Yes it’s indeed industry practice for many but definitely not all programs to rip the customer off with the “airline surcharge” which was previously known as “fuel surcharge” until many countries outlawed it and fuel prices dropped so low that it couldn’t be justified to declare the costs as fuel extra anymore. This is going to be a big blow for most folks because Virgin Velocity awards are overpriced (in miles) already.
Last but not least Velocity dilutes the exchange ratio to KrisFlyer miles which has been a steady program perk for the last four years:
From 1 January 2019 Velocity Frequent Flyer members will convert their Points to KrisFlyer Miles at a rate of 1.55 Velocity Points to 1.00 KrisFlyer Mile5. The change in conversion rate reflects the differing reward program currencies within which each airline program operates and transacts.
Until now the conversion rate has been 1.35 Velocity Points to 1.00 KrisFlyer Mile.

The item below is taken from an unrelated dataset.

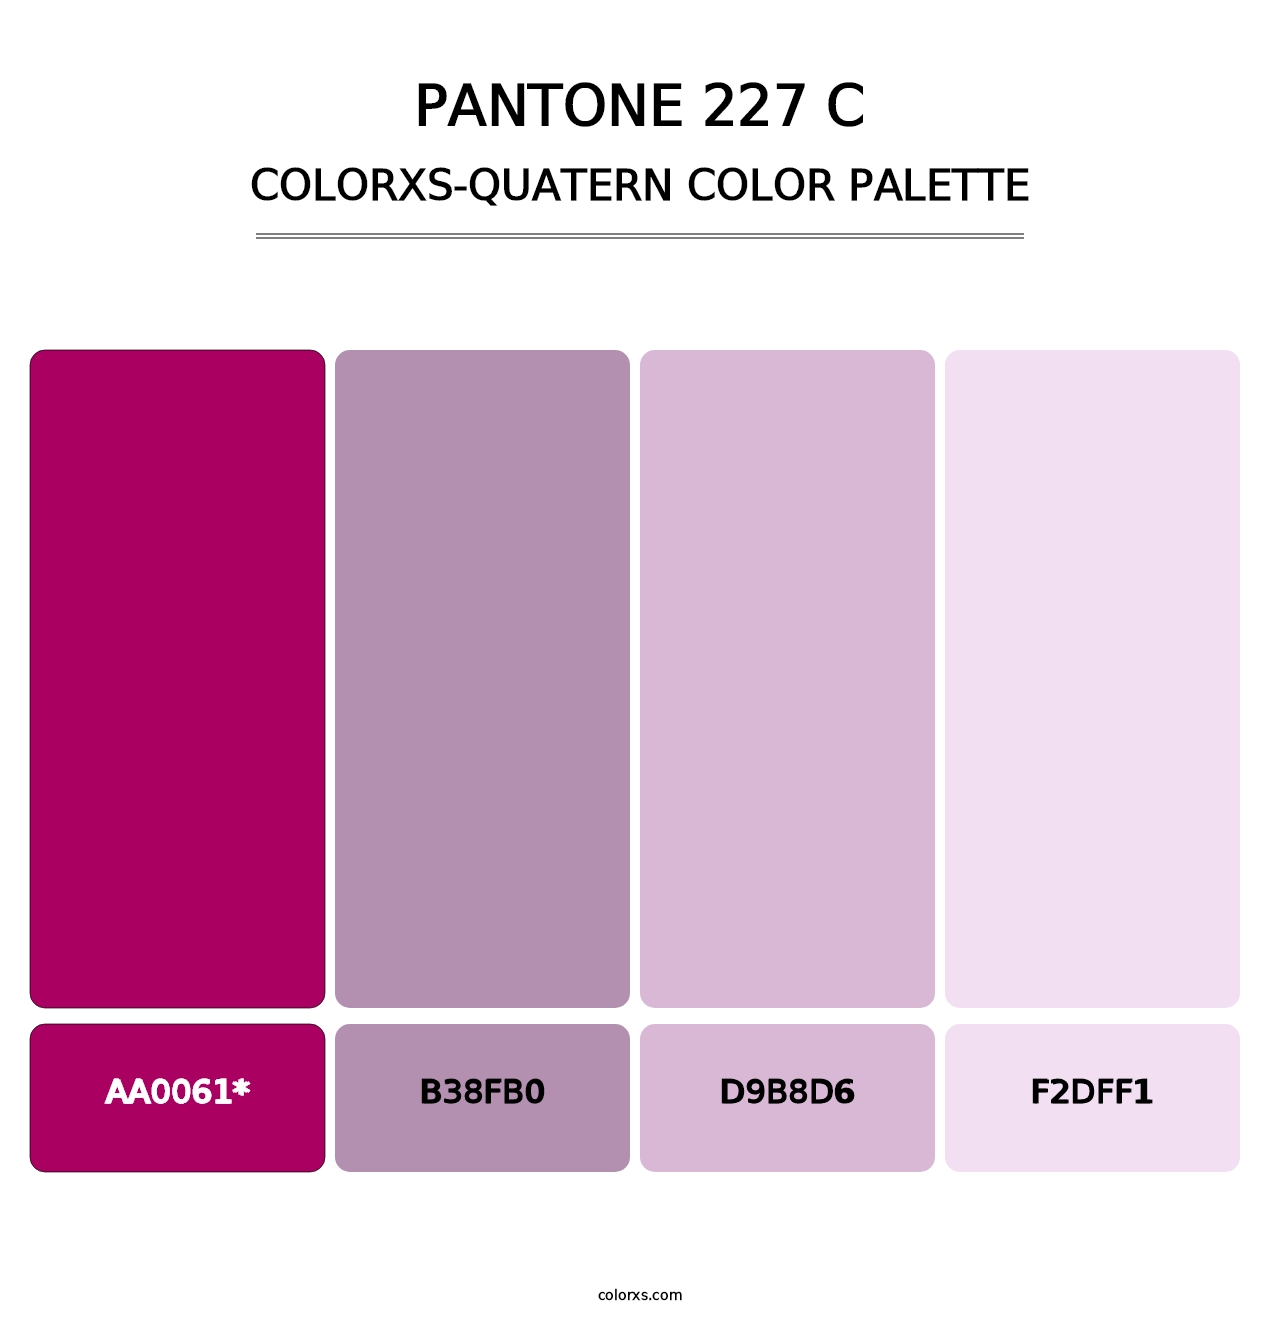 PANTONE 227 C - Colorxs Quatern Palette
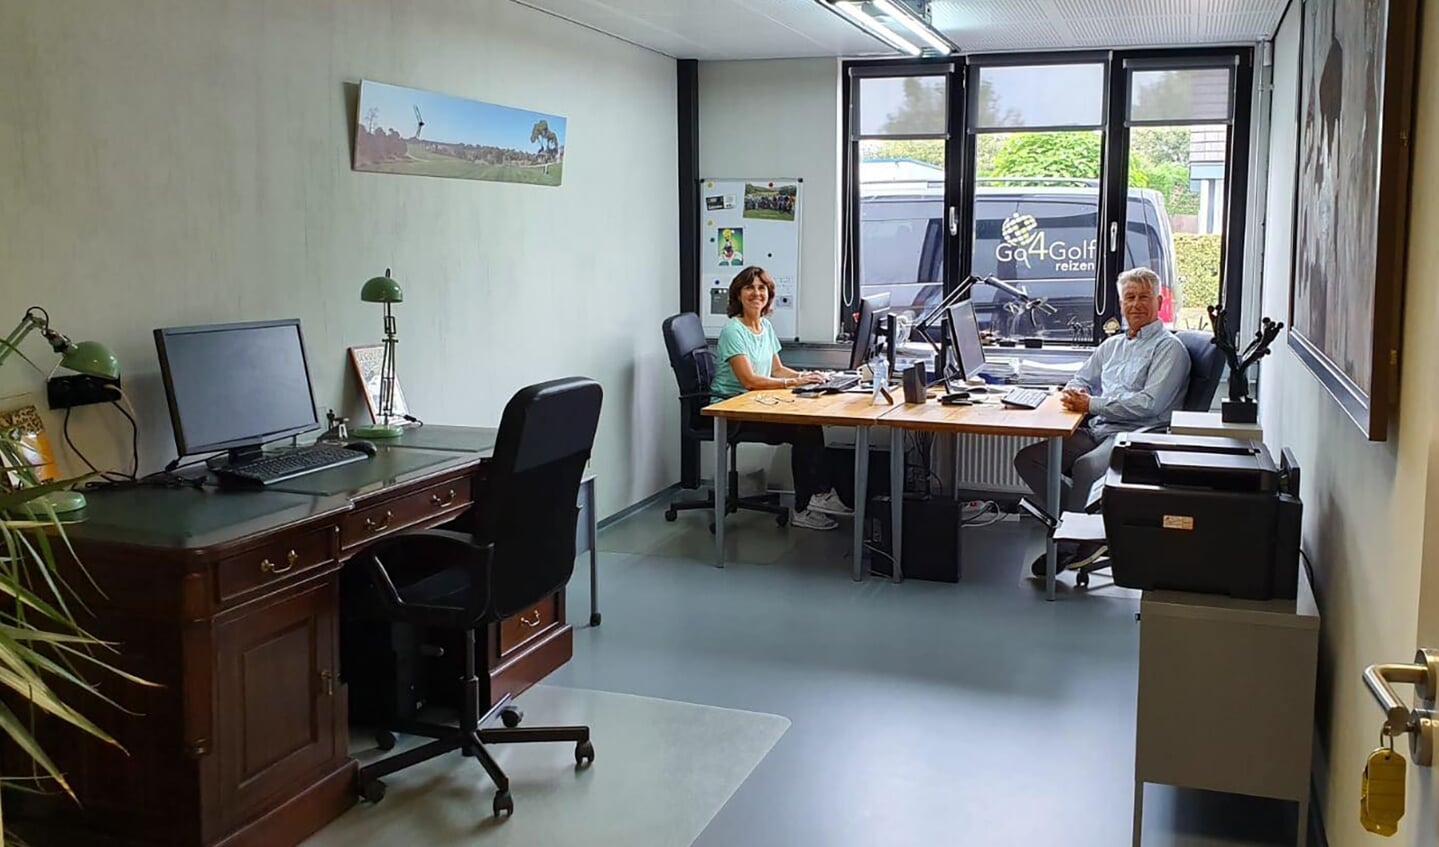 Peter en Bernadette aan het werk in het kantoor van Go4Golf Reizen.

I know many friends who open up Velocity credit cards in Australia and then move the points to KrisFlyer in order to book valuable awards. Mind you KrisFlyer doesn’t apply the high surcharges anymore on SQ flights which makes it very affordable.
I’ve never been a big fan of Velocity but these changes are mostly negative as one could expect whenever a program announces a major facelift. The real nail in the coffin are the award surcharges and people should reconsider if Virgin/Velocity is still a good fit for them.
When I lived in Sydney back in 2010 I participated in their status match promotion and played around with the program for a little while. It constantly struck me as quite useless and hasn’t gotten better since. The competition in Australia and South Pacific is limited so one has to carefully outweigh if Qantas or at least another oneWorld program such as British Airways Executive Club suits one better and then jump ship.